Depuis, la situation s’est heureusement améliorée : Masami travaille exclusivement en anglais et a progressé en français.

« Ça paraît ridicule dit comme ça, mais c’est bien Internet qui m’a gardé de la dépression. Sans un peu d’organisation pour maintenir le tissu social, cela ne m’étonne pas que certains de mes compatriotes puissent finir par vivre l’isolement. Notre culture fonctionne très différemment de la culture française. »

La bureaucratie de notre système administratif et la densité de nos tissus sociaux ne sont pas sans compliquer l’intégration des Japonais, très habitués au fonctionnement « à l’amiable » et à la courtoisie systématique.

Bien heureusement, le « syndrome de Paris » ne touche pas l’intégralité des Japonais en France. Depuis que le Docteur Hiroaki ?ta a mis un nom sur le phénomène (en 1991), les équipes de psychiatrie veillent et n’hésitent pas à proposer un vrai traitement de fond pour les malades. Cet été encore, 6 Japonais ont été rapatriés d’urgence au Japon.

Mais lorsque l’expatrié japonais bénéficie d’un entourage (lien avec la famille restée au pays, associations en France, famille d’accueil, amis et collègues), le séjour en France peut se dérouler sans encombre.

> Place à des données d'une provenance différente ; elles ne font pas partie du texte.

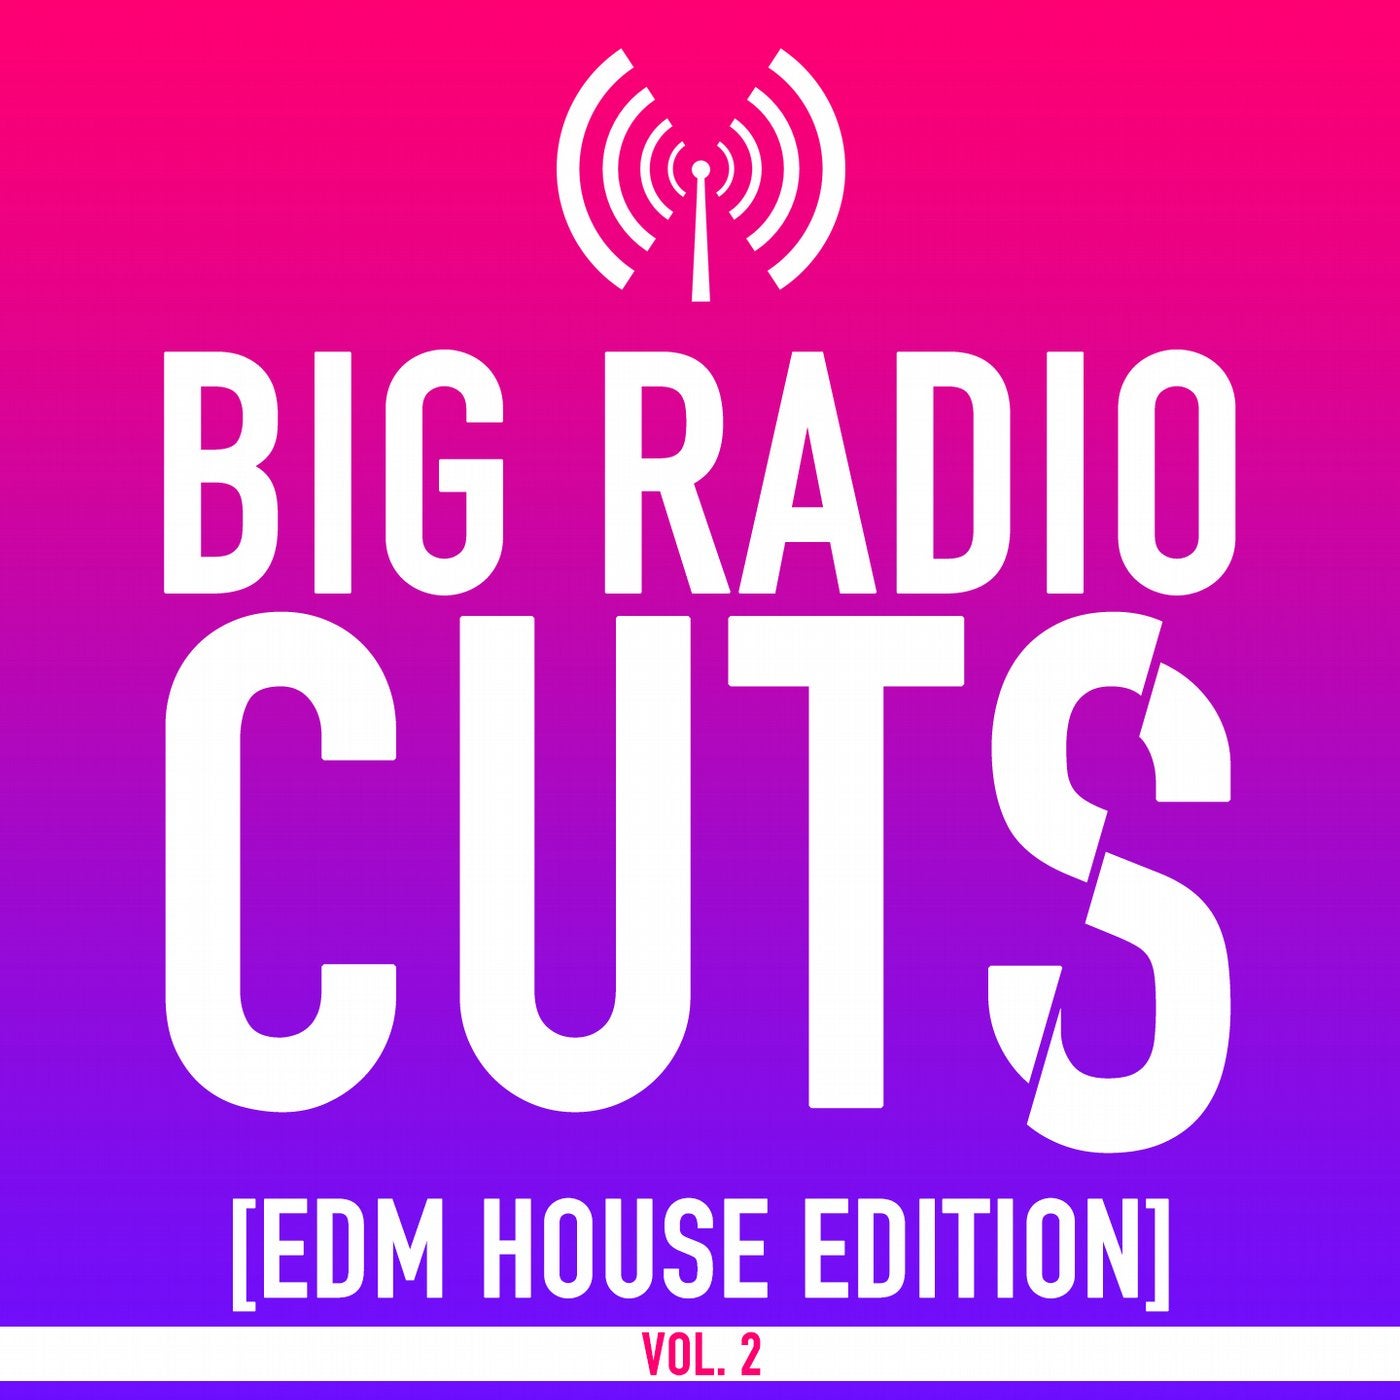 Big Radio Cuts (EDM House Edition), Vol. 2

Le syndrome de Paris est surprenant par ses symptômes psychologiques. Mais la médecine connaît d’autres syndromes du voyageur. C’est le cas du syndrome indien, terminologie qui renvoie, elle, aux accès de folie ressentis par les touristes en Inde, déboussolés par la chaleur, la foule, le bruit et l’omniprésence du mysticisme dans la culture indienne.